Governance matters: require connector maintainers to publish a small spec (manifests, expected auth flows, and example payloads) and run migration drills quarterly. Those lightweight controls catch drift early and make audits far less painful. Run automated migration tests.
Implementation Checklist
- Shortlist protocols (MCP drafts, OpenAPI‑based tool manifests, LangChain runtimes) and evaluate on vendor neutrality and connector ecosystem.

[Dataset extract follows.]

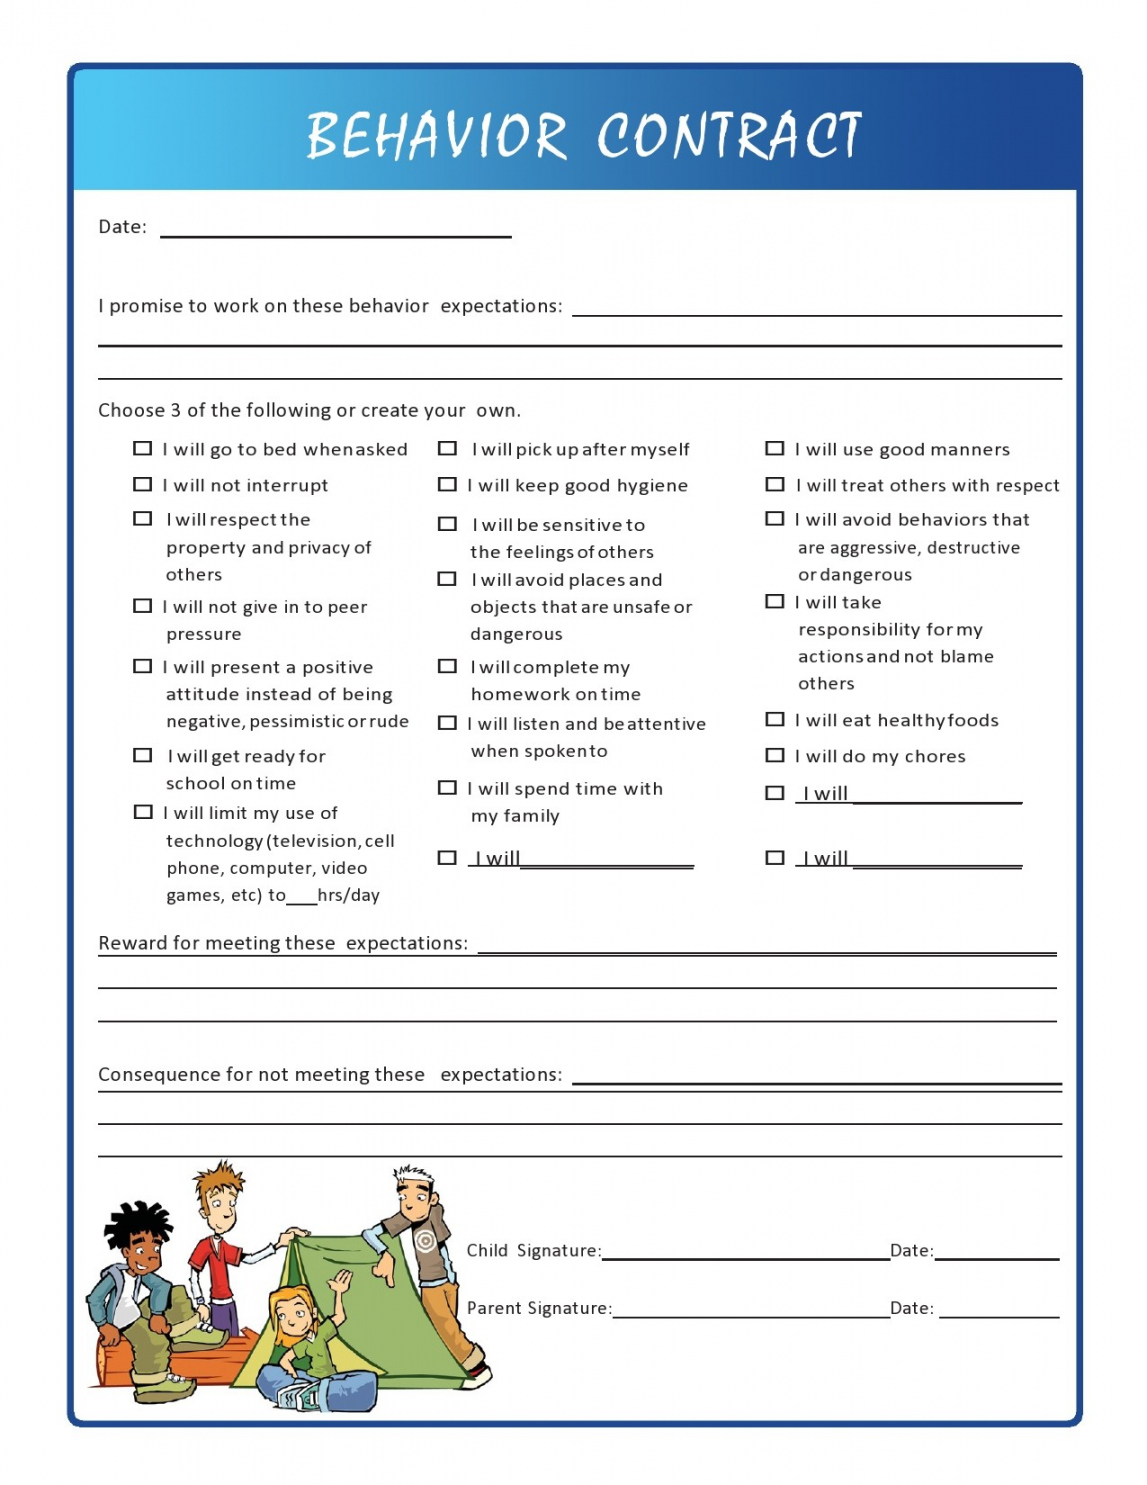 Effective Behavior Contract Templates (+Examples) ᐅ TemplateLab - FREE Printables - Free Printable Behavior Contracts & Charts

- Prototype a gateway that accepts protocol X and exposes a stable internal API; add auth adapters for your IAM.
- Instrument telemetry: tool invocations, latencies, and auth failures; use it to validate connector assumptions.
- Build a thin translation layer to support multiple upstream protocols during migration.
- Run migration drills: swap a model runtime behind the gateway and verify call parity and audit trails.
For reference, see MCP community repos and discussions, OpenAI tools docs, and LangChain runtime docs as starting points.
Nexairi Take: Protocol Choice Is Your New Cloud Choice
Picking a protocol now is like picking a cloud provider a decade ago: invisible at first, defining later. Make the choice thoughtfully—favor openness, instrumentability, and a path to migrate if the ecosystem shifts.
Short term wins come from simple integrations and clear policies; long term wins come from building gateways and migration paths so your agents stay portable even as models change.